On the other-hand, one of my personal hot-button issues is community. For me everything in business and life personally, is about building, nurturing and sustaining community. Simply put, I dork out over community. To be fair, I think that working within (and creating) communities is an integral piece to business and personal success these days. I believe people and organizations that can effectively and respectfully leverage community partnerships are at an advantage!

I’ve been building win-win community partnerships for the last 5+ years; it is one of my favorite things. I love meeting others, exploring opportunities for collaboration and executing on a mutually beneficial arrangement. It should come as no surprise that when I started EntrepreNerds earlier this year, I immediately began collaborating with complimentary businesses. The results of which produced outcomes I never expected, nor would I have achieved them on my own!

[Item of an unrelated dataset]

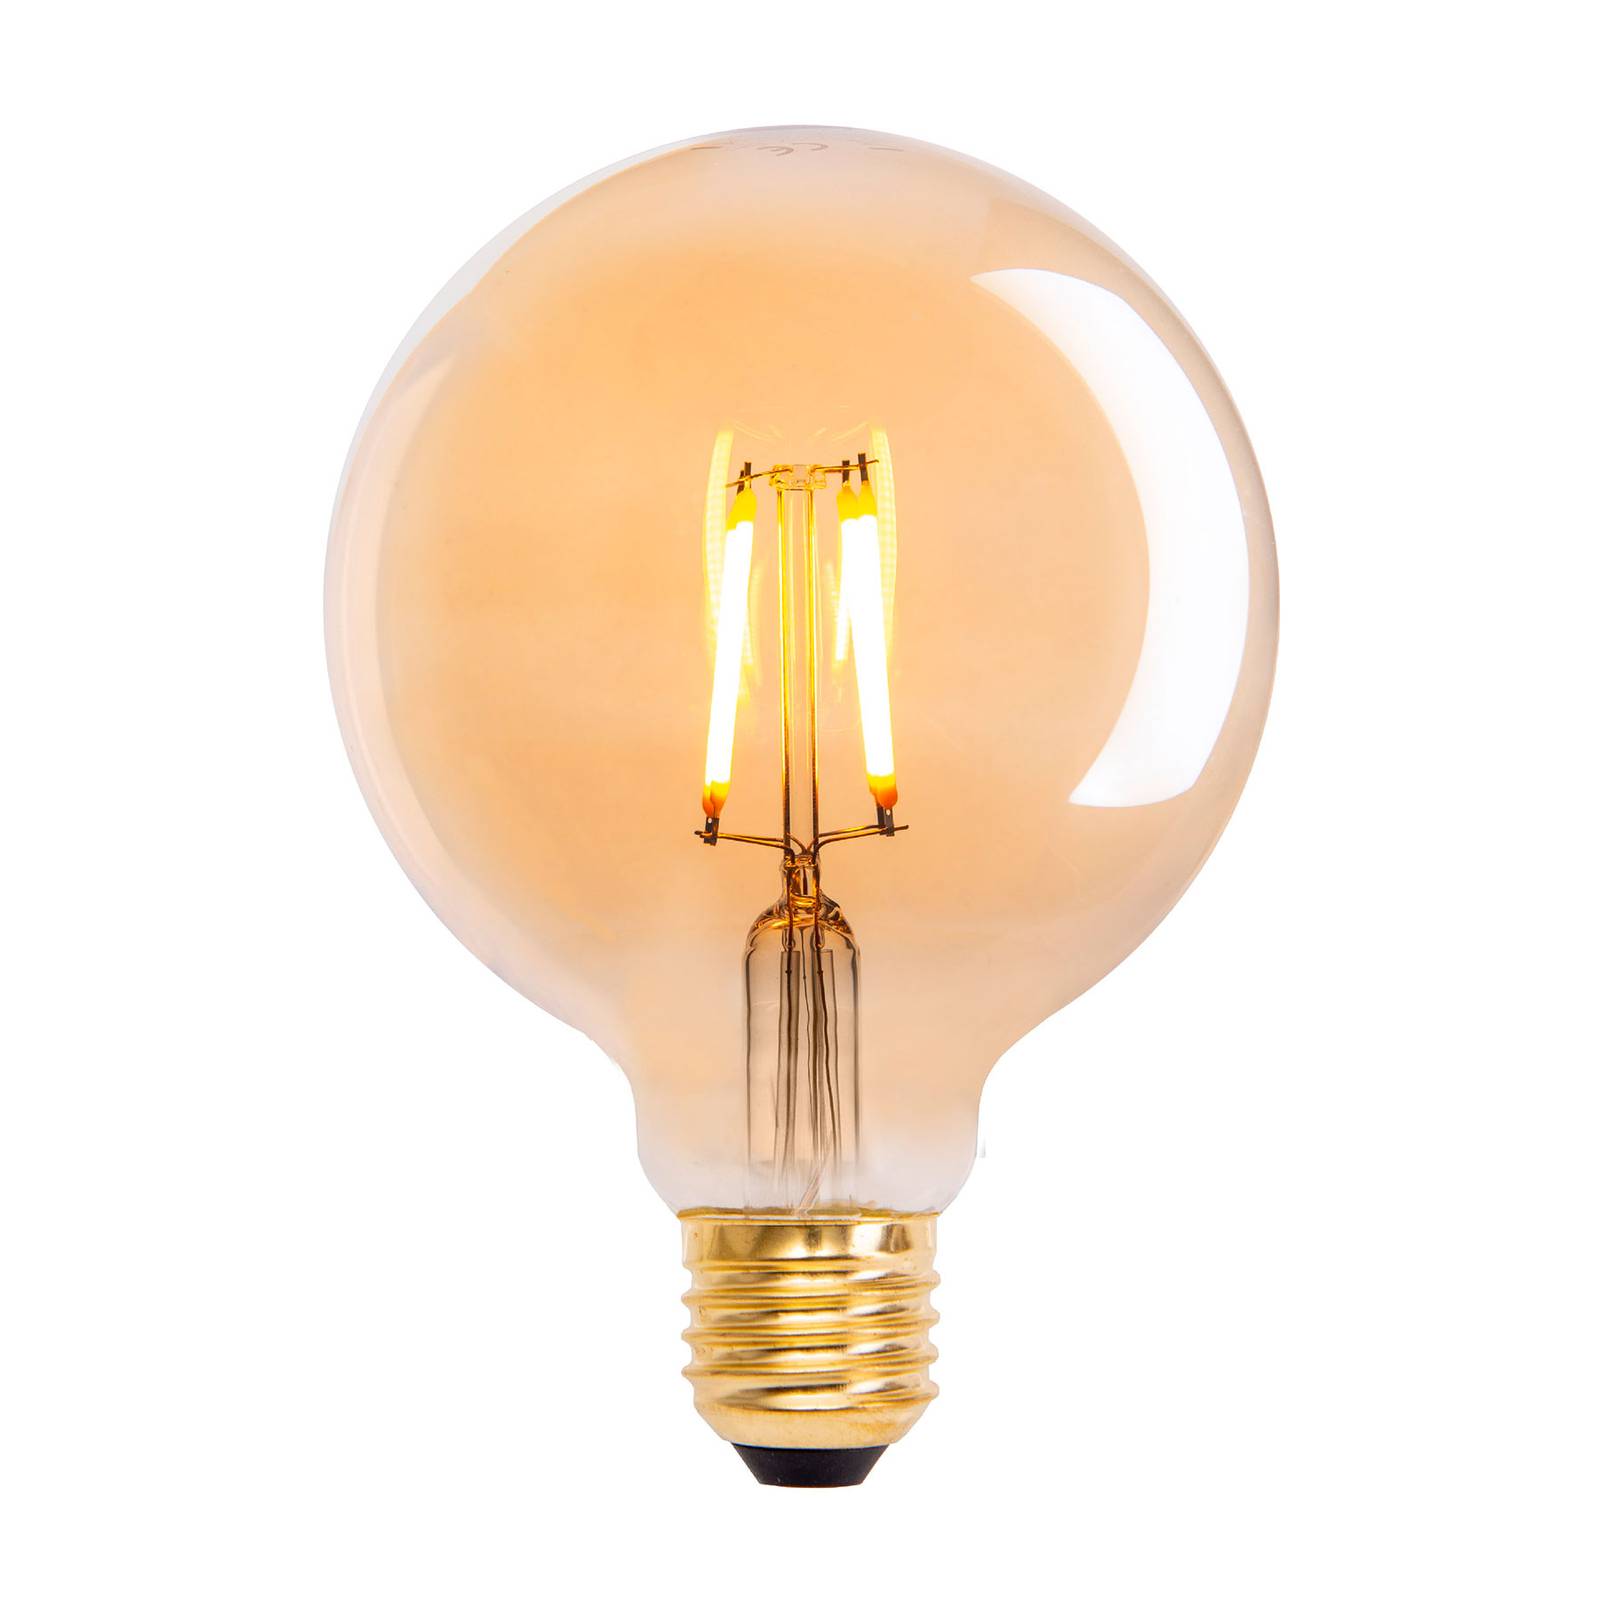 LED-Globelampe E27 4,1W 310lm warmweiß gold 3erSet von Naeve Leuchten

While everyone’s experiences are usually a little different, there are a few general rules you should follow. I’d like to share the five steps I’ve learned to form win-win community partnerships.

  1. Think Vertically – Brainstorm a list of products or services that directly or indirectly support what you’re doing. For example when starting a business book club, an independently owned book store makes for a good partner.

  2. Who Do You Already Know – Look over your existing contacts and connect with people in positions that compliment your own efforts. Working with your existing contacts usually means you have already established trust as well, that’s an added bonus. For example, I’ve been working with Old Firehouse Books in Fort Collins for years prior to starting EntrepreNerds. In fact, in 2008 I told Susie, the owner, that I thought someone should start a business book club…..

  3. What Do you Have to Offer – It’s easy sometimes to think about the things you can get out of working with others (truly it is, we don’t have to act like we’re totally self-less to be good collaborators). But going to the table with “What’s in it for me” isn’t exactly a win-win proposition. Think about it from their perspective, what genuinely helps them out. Consider the unique value and experterience (yeah, I like that word a lot now, experience + expertise = experterience) that you enjoy bringing to the table. Make it meaningful and manageable.

  4. Set Clear, Mutually Agreed Upon Expectations– I’ve seen many-a-projects go astray when expectations aren’t determined together, and from the beginning. If tis is poorly executed, the trust may begin to disintegrate. Determining who is responsible, and what their responsible for helps to ensure that all bases are covered without stepping on other’s toes as well.

  5. Keep the Conversation Going – Open communication is key. Most partnerships are formed in a dynamic world that’s ever-evolving. As things change, you each grow. Therefore, you must discuss the ways your working relationship will evolve as well. This might mean a change in responsibilities, a shift in the value exchanged, or that you’re going entirely in different directions!

Like mostly everything else in business, managing community partnerships is a continuous process.  One that requires on-going effort: to evaluate, strategize and act.